From: Eli Zaretskii <eliz <at> gnu.org>
To: Pip Cet <pipcet <at> protonmail.com>
Cc: gerd.moellmann <at> gmail.com, 75322 <at> debbugs.gnu.org
Subject: Re: bug#75322: SAFE_ALLOCA assumed to root Lisp_Objects/SSDATA(string)
Date: Sat, 04 Jan 2025 22:31:48 +0200
> Date: Sat, 04 Jan 2025 19:32:01 +0000
> From: Pip Cet <pipcet <at> protonmail.com>
> Cc: gerd.moellmann <at> gmail.com, 75322 <at> debbugs.gnu.org
> 
> > ENCODE_FILE can indeed trigger GC in rare cases, but I see only one
> > such call:
> >
> >   path = ENCODE_FILE (path);
> >
> > We could simply move this to before the loop that sets up new_argv[].
> 
> Fixing the current code for this super-rare case would be good, but my
> point was that we cannot prove the current code to be correct; it isn't,
> technically speaking, even though it's battle-worn.

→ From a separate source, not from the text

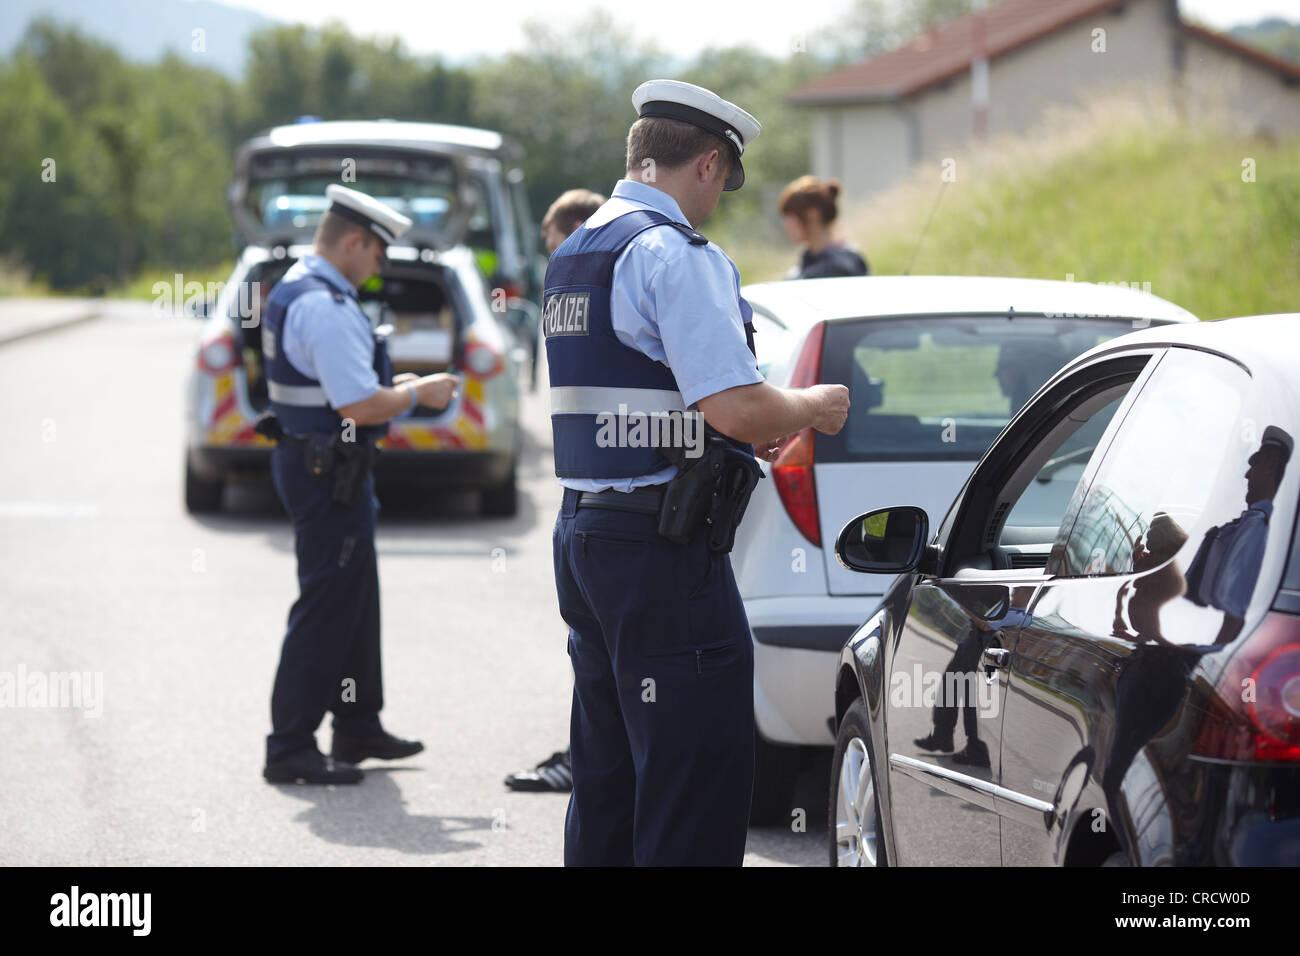 Polizei zu einem Verkehrsunfall tun zu stoppen, Koblenz, Rheinland-Pfalz, Deutschland, Europa Stockbild
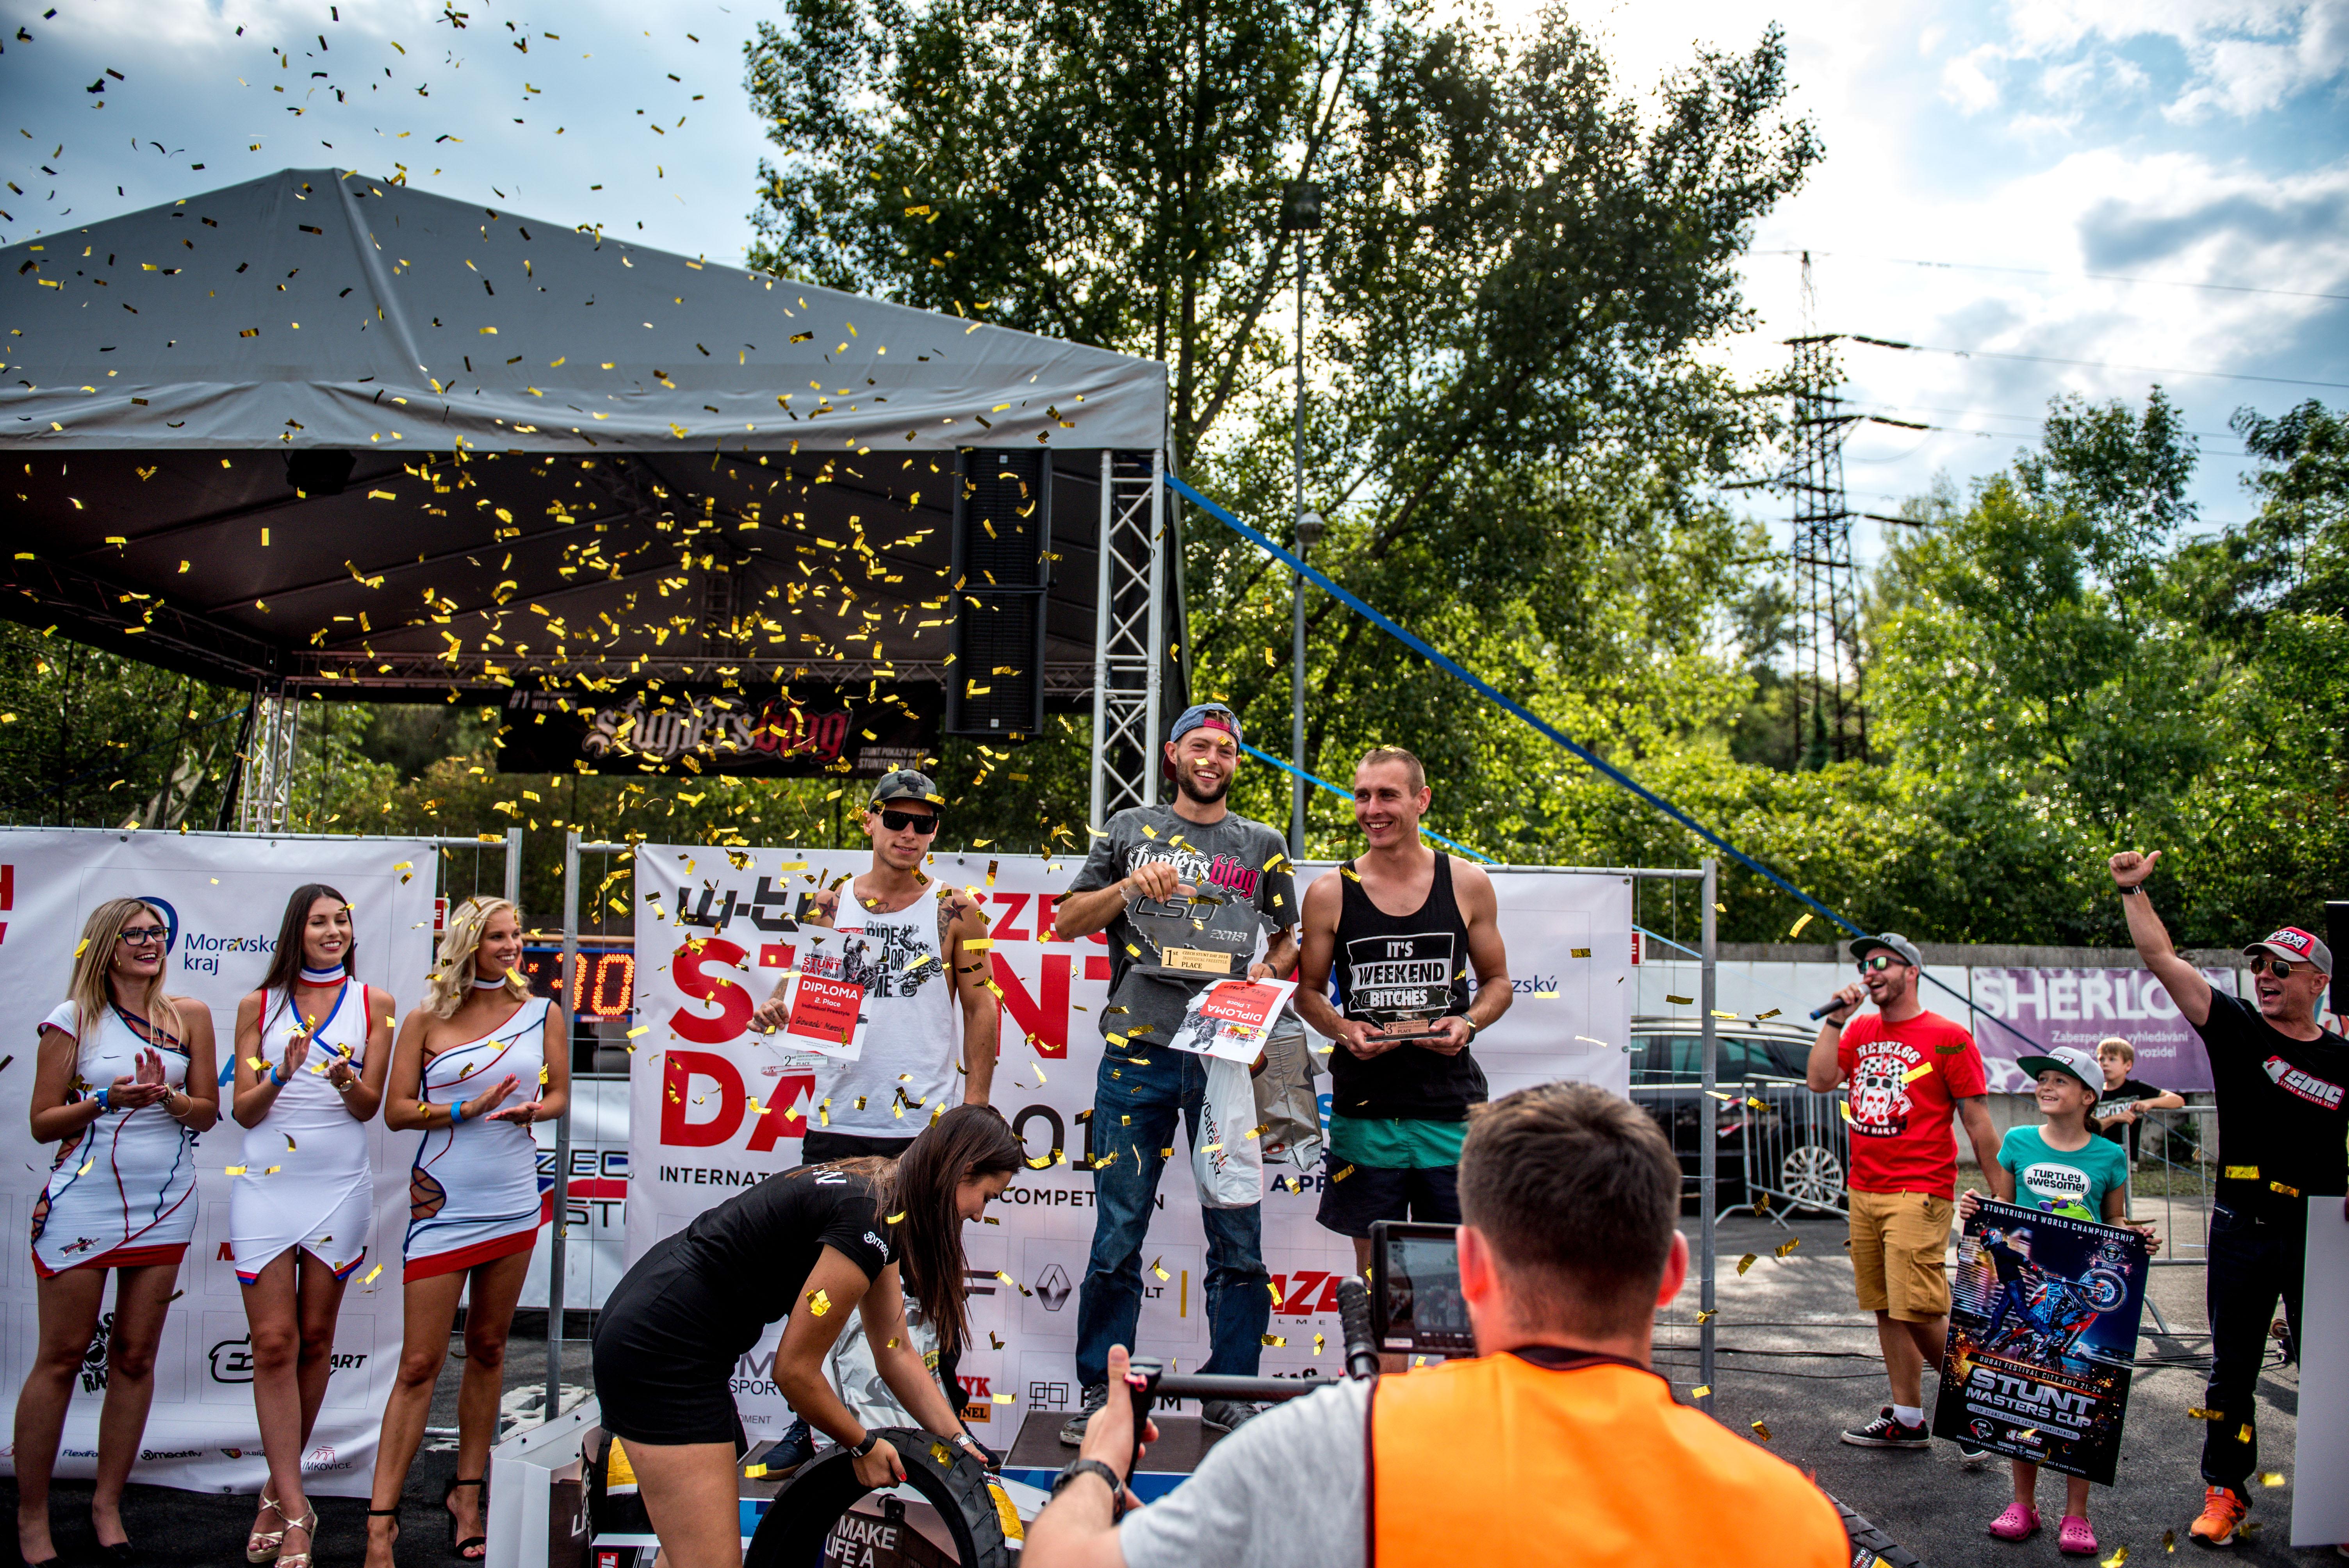 <p>International Streebike Competition Mike Jensen – Denmark Marcin Glowacki – Poland Pawel Karbownik – Poland Mistrovství ČR ve stuntridingu Jakub Kykal Patrick Peschel Míra Frey</p>

I want to be pragmatic and solve practical problems in my life time.
Proving that the code is correct I leave to the next generation.

> >> >> Yes, make_environment_block does say its callers can't run GC, but
> >> >> call_process doesn't indicate when and how it establishes a no-GC
> >> >> assumption.
> >> >
> >> > What would be needed to indicate that?
> >>
> >> I'd prefer a pair of macros (no-ops in regular builds) to comments, but
> >> there is no obvious best solution here.
> >
> > Sorry, I don't understand: why macros?  Do we use something like that
> > anywhere else in Emacs?
> 
> How is it different from other easserts?  emacs_spawn has
> 
>   eassert (input_blocked_p ());

How do you eassert something that should not happen during some code
fragment?  If you have something specific in mind, do show the code.

> >> My proposal would be to remove most (ideally, all, and then we're done)
> >> no-GC assumptions, and put the few ones that must remain into separate
> >> function bodies for the no-GC / possible-GC cases.  Then we can put the
> >> no-GC function bodies into a separate section and prohibit references
> >> from no-GC to possible-GC functions, and have the linker check that.
> >
> > First, the techniques that rely on separate segments are non-portable,
> > so not all platforms will support them.  More importantly, I'm afraid
> 
> Absolutely, debug builds on the main platforms can, though.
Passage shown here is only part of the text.